The Academic Department of Urology, Pathology and Statistics of La Pitié-Salpétrière, Groupe Hospitalo-Universitaire EST, Assistance-Publique Hôpitaux de Paris, 47-83 bvd de l'Hôpital, 75013, Paris, France.
To determine the prognostic factors of biochemical recurrence in patients who failed to achieve an undetectable prostate-specific antigen (PSA) after radical prostatectomy (RP) for prostate cancer.
We reviewed data on 240 men who underwent RP as first-line treatment and who had a PSA assay available at 6 weeks after surgery. Persistent detectable PSA was defined as a PSA level ≥0.1 ng/ml at 6 weeks after surgery.
Overall, 83 men presented persistently elevated PSA after RP and 81 had a biochemical recurrence. Median follow-up was 44 months. In univariate analysis, these factors were associated with biochemical recurrence: preoperative PSA level (P < 0.0001), biopsy and pathologic Gleason score (P < 0.001), capsular involvement (P = 0.0001), positive surgical margins (P < 0.0001), pathological stage ≥T3 (P = 0.0001), and detectable post-operative PSA ≥0.1 ng/ml (P = 0.0001). In a multivariate analysis, only the detectable post-operative PSA level ≥0.1 ng/mL (P = 0.001), positive surgical margins (P = 0.002), and pathological stage ≥T3 (P < 0.001) were significant.
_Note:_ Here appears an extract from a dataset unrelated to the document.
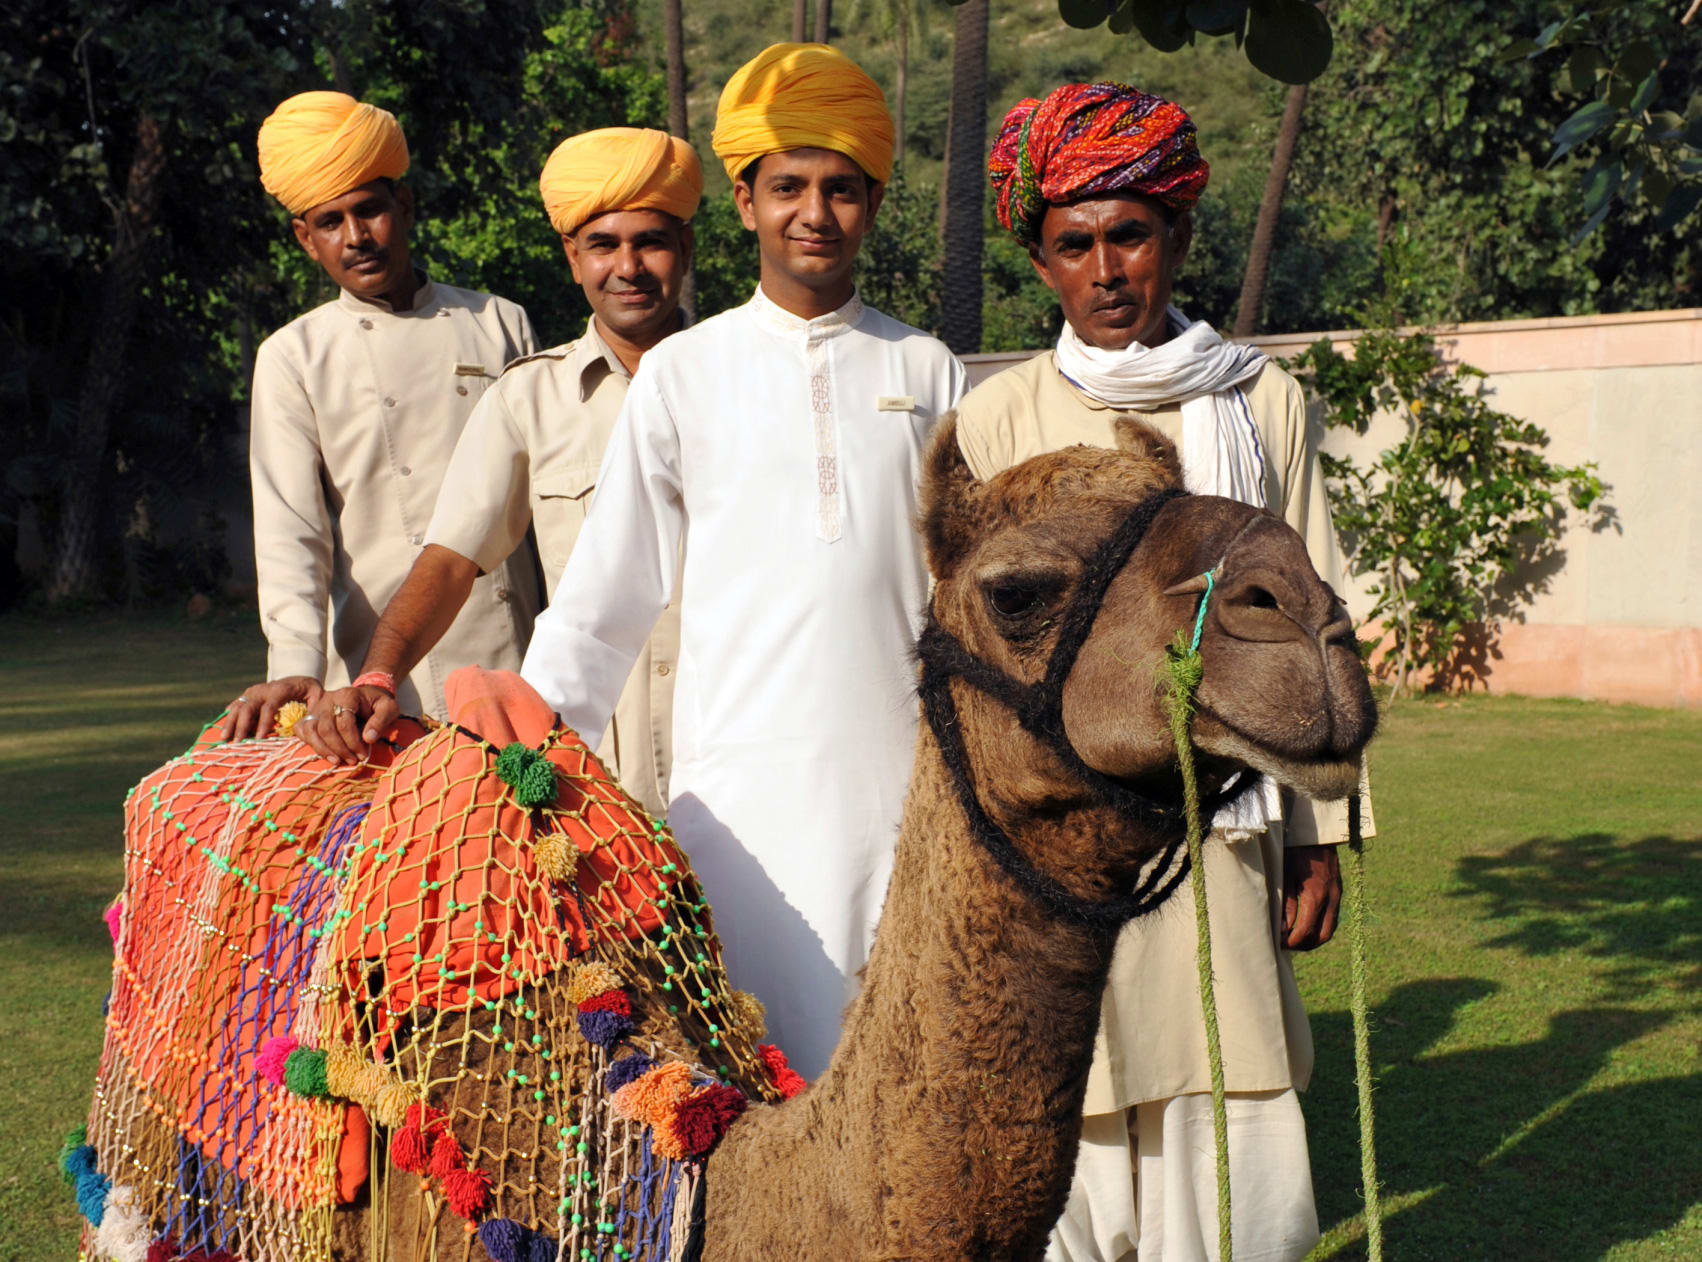 four men with turbans, sitting camel
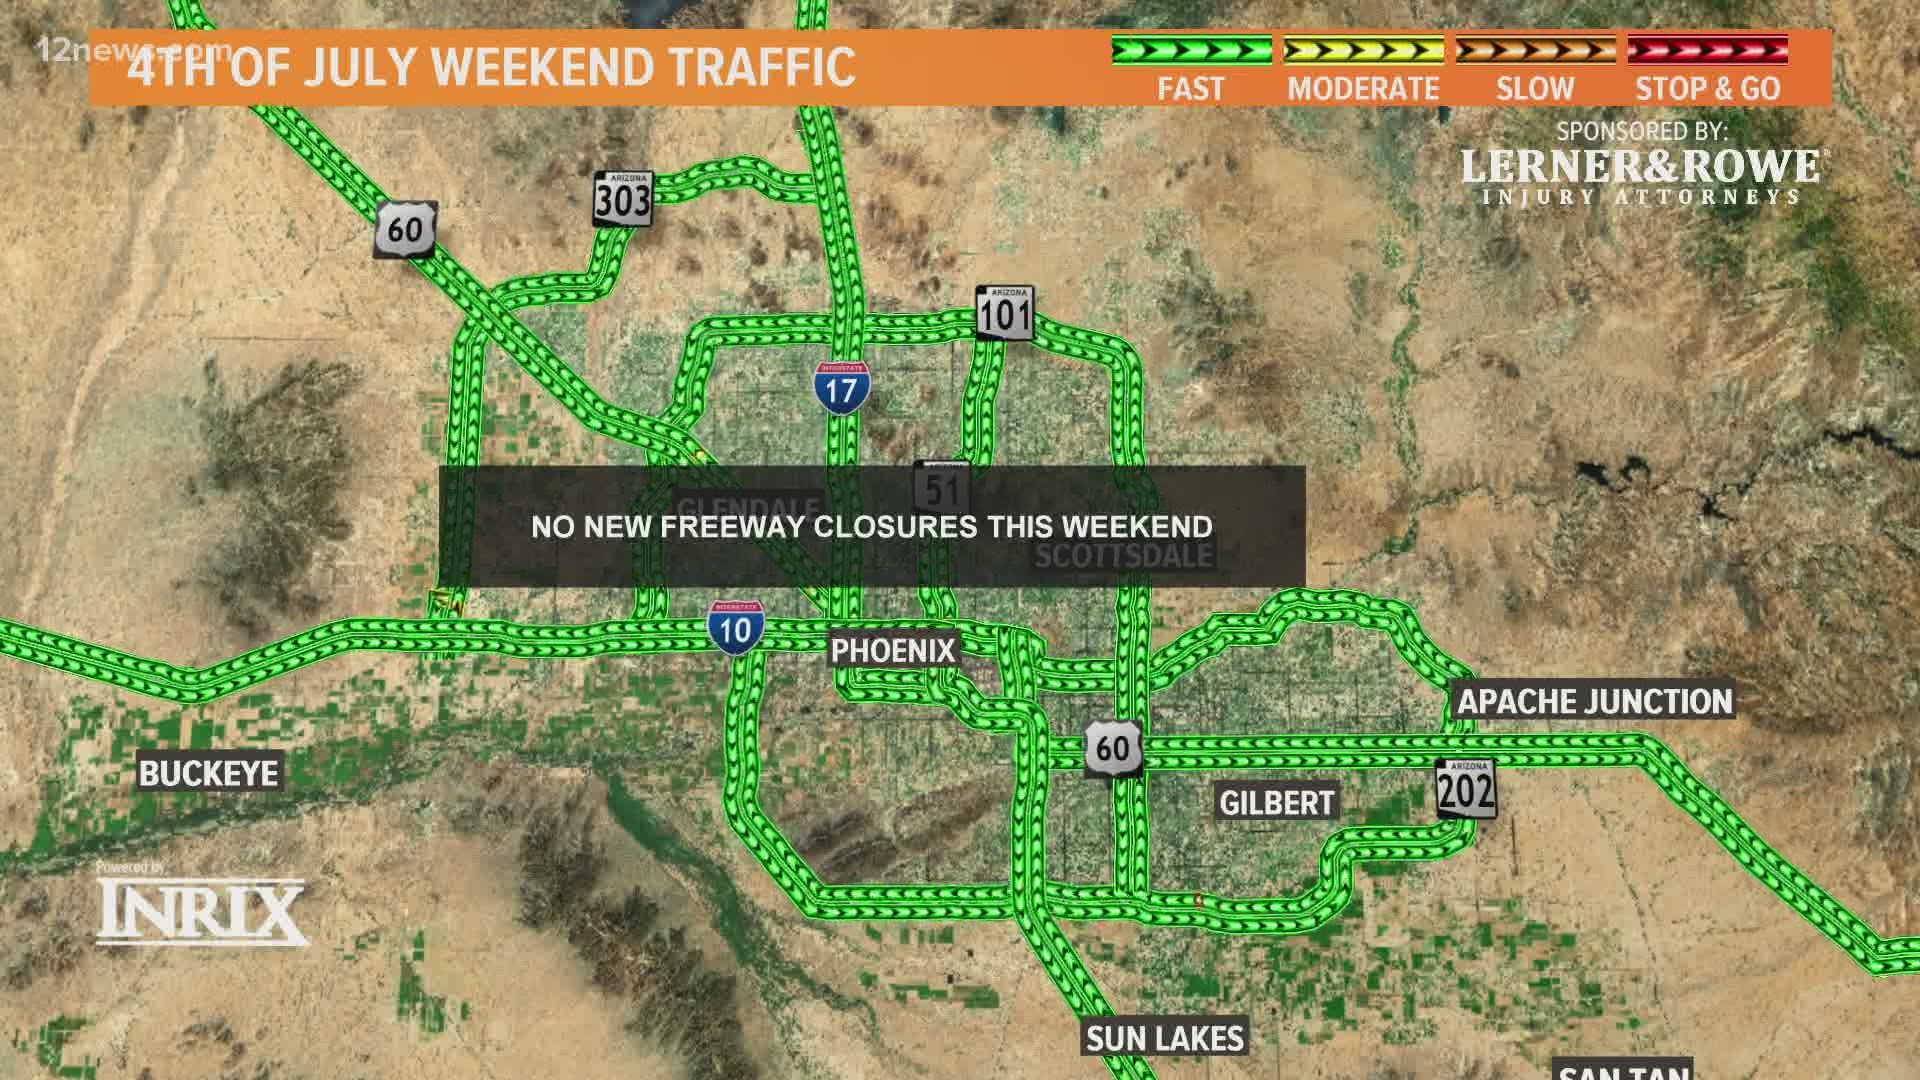 Vanessa Ramirez gives you an update on what's going on around Valley roads this weekend.

The individual, five-year, PSA-free survival rate for men with post-operative PSA < 0.1 ng/ml and ≥0.1 ng/ml were 59 and 42%, respectively (P < 0.001).
A majority of patients who failed to achieve an undetectable PSA after surgery had a subsequent biochemical recurrence in the outcome. A systematic PSA assay 6 weeks after RP could be useful to early identify patients who are likely to recur.
Audenet F, Seringe E, Drouin SJ, Comperat E, Cussenot O, Bitker MO, Rouprêt M. Are you the author?
Reference: World J Urol. 2011 Jun 3. Epub ahead of print.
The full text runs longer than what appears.